THE PM’S SPICE RACK – ISSUE #8

May 23, 2026 | The Product Manager’s Journal


The Take

The trademark came through this week, and the labels showed up the same week. After three years, Trevean Spice is a thing the law recognizes and can be held.

I want to be careful about how I describe the feeling because it’s easy to oversell it. But here it is: for most of Trevean’s life, the company has existed as a deck, a spreadsheet, a half-built website, and a story I tell in coffee shops. This week, two pieces of paper arrived that changed that. The first was the registration notice: “Trevean Spice” is now a registered trademark. Not pending. Registered. The second was a box of printed label proofs, the real ones, on the real stock, with the real foil, that I tore open at my kitchen counter and laid out in a row.

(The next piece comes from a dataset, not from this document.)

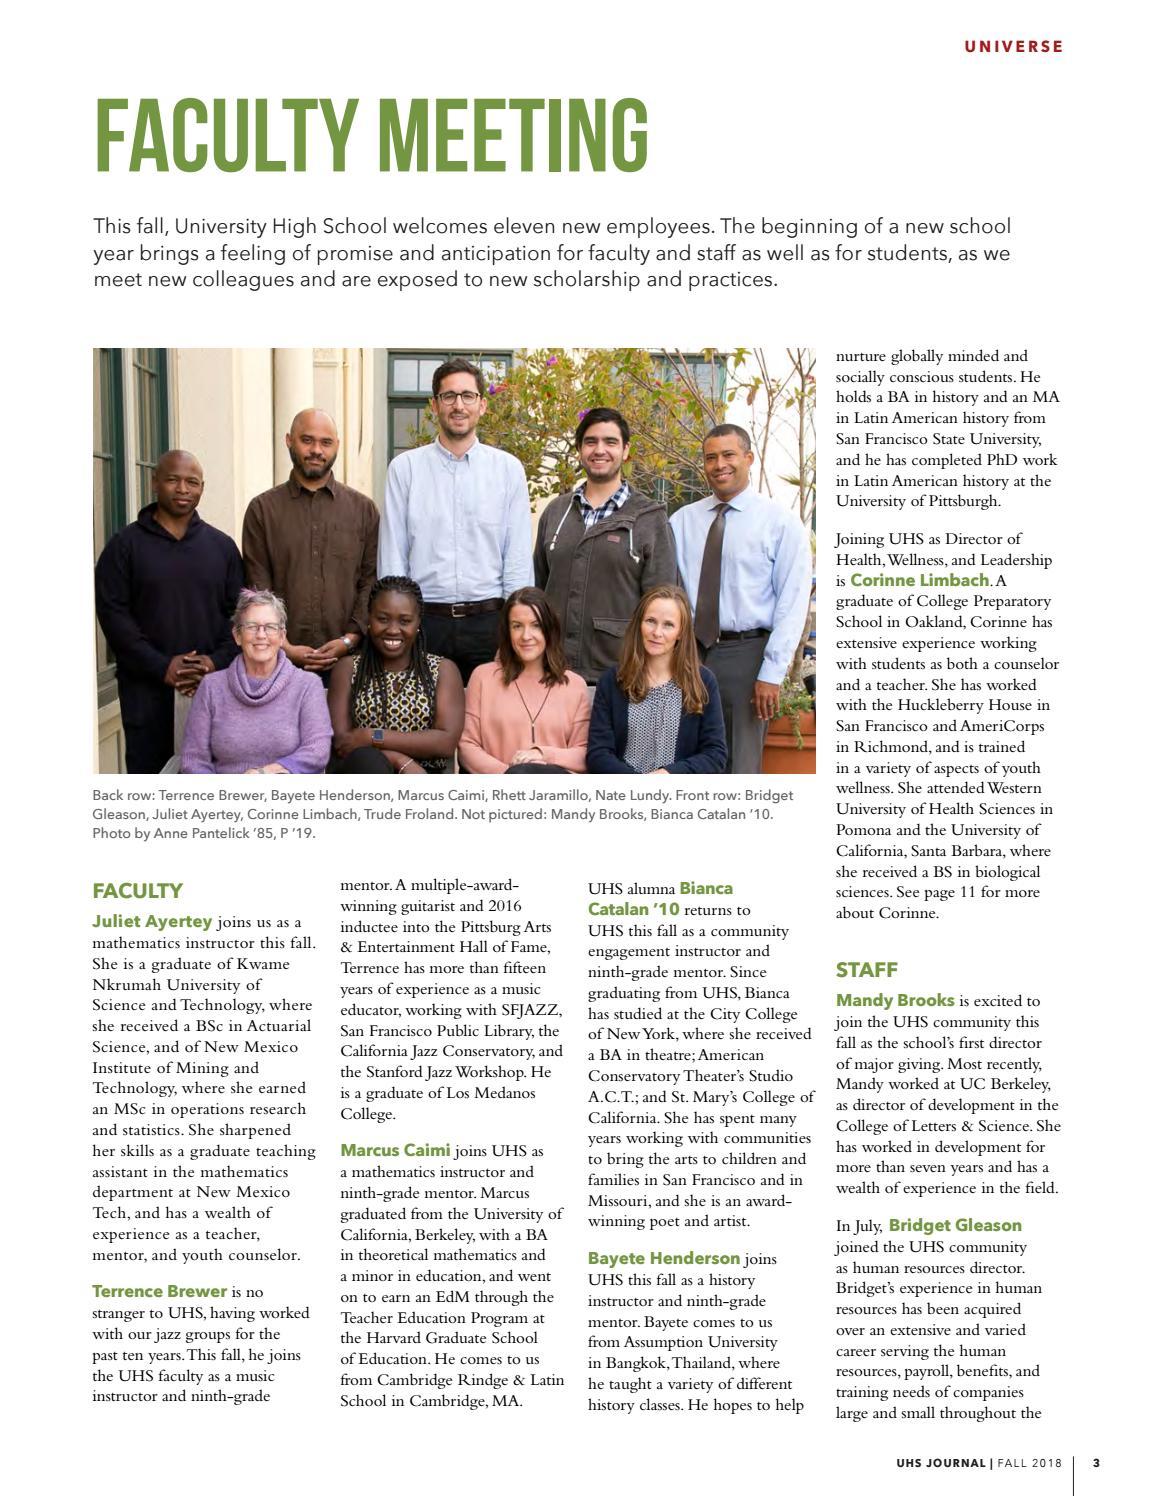 UHS Journal - Fall 2018 by SFUHSorg - issuu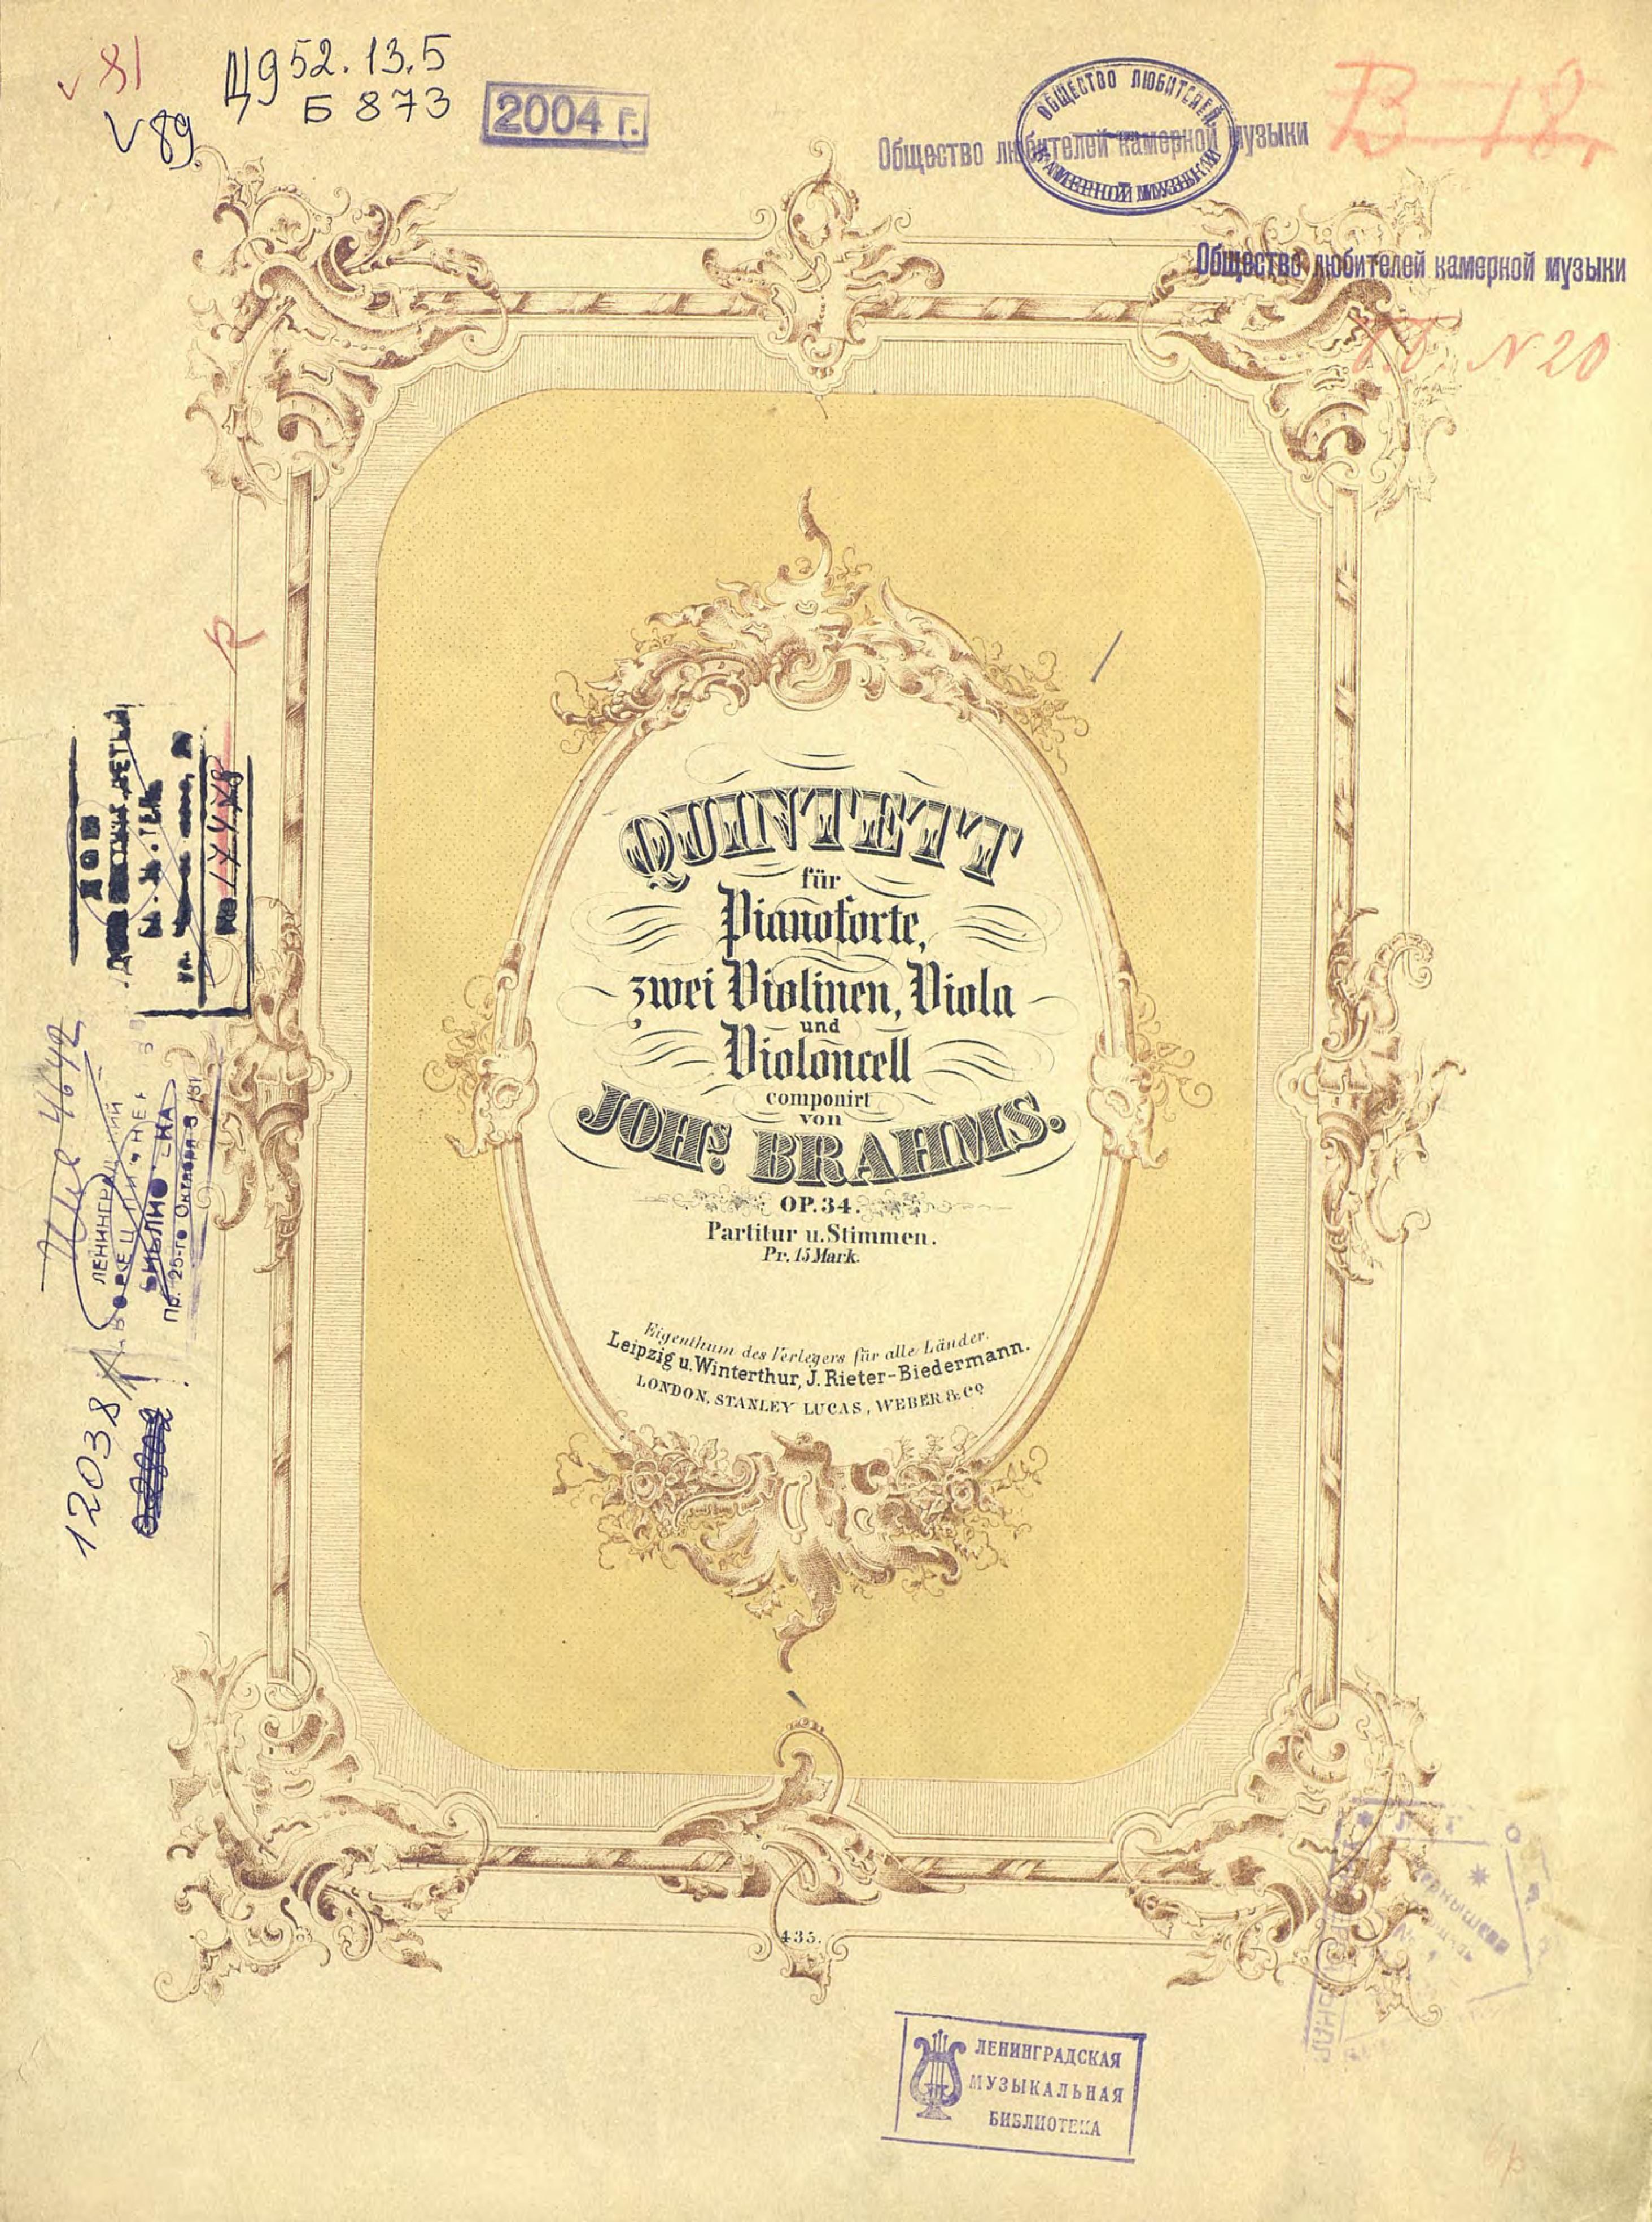 Иоганнес Брамс Quintett fur Pianoforte, 2 Violinen, Viola und Violoncell comp. v. Joh's Brahms джузеппе верди quartett fur 2 violinen viola und violoncell v g verdi e moll

I sat there for a while with a registered mark on one side of the table and a stack of physical labels on the other, and the thing I kept thinking was: this is the week it stopped being theoretical.

There’s a PM lesson in that, and it’s not the obvious one about persistence. The lesson is about the difference between claims and standing.

For three years, I’ve been making claims. “We do farmer-level provenance.” “We’re building the freshness moat.” “The name means something.” Claims are cheap. Anyone can make them, which is exactly why an analyst, a customer, or a competitor discounts them by default. What changed this week is that two of those claims acquired standing as legal facts and physical artifacts that exist independently of my pitch. A registered trademark is the state agreeing that the name is defensibly ours. A printed label is the supply chain’s agreement that the product is real enough to wrap. Neither of them cares whether I’m persuasive.

The reason this matters for product people, and not just founders, is that we spend most of our careers optimizing the claim layer, the messaging, the deck, the demo, and far too little time asking which claims we’ve actually converted into standing. A roadmap is a claim. A shipped feature with retention behind it is standing. A positioning statement is a claim. A category analyst citing you unprompted (Issue #7) is standing. The job, quietly, is to keep converting the first kind into the second kind, because only the second kind compounds and only the second kind survives contact with someone who isn’t already rooting for you.

So that’s the good week. Here’s the part of the week that wants to take it away.


Spice Route Signal

A court struck down the tariffs that threaten our entire cost structure. Then the administration re-imposed them under a different statute before the ink dried. The net effect on Trevean: roughly zero relief, and a lot of clarity about where we’re exposed.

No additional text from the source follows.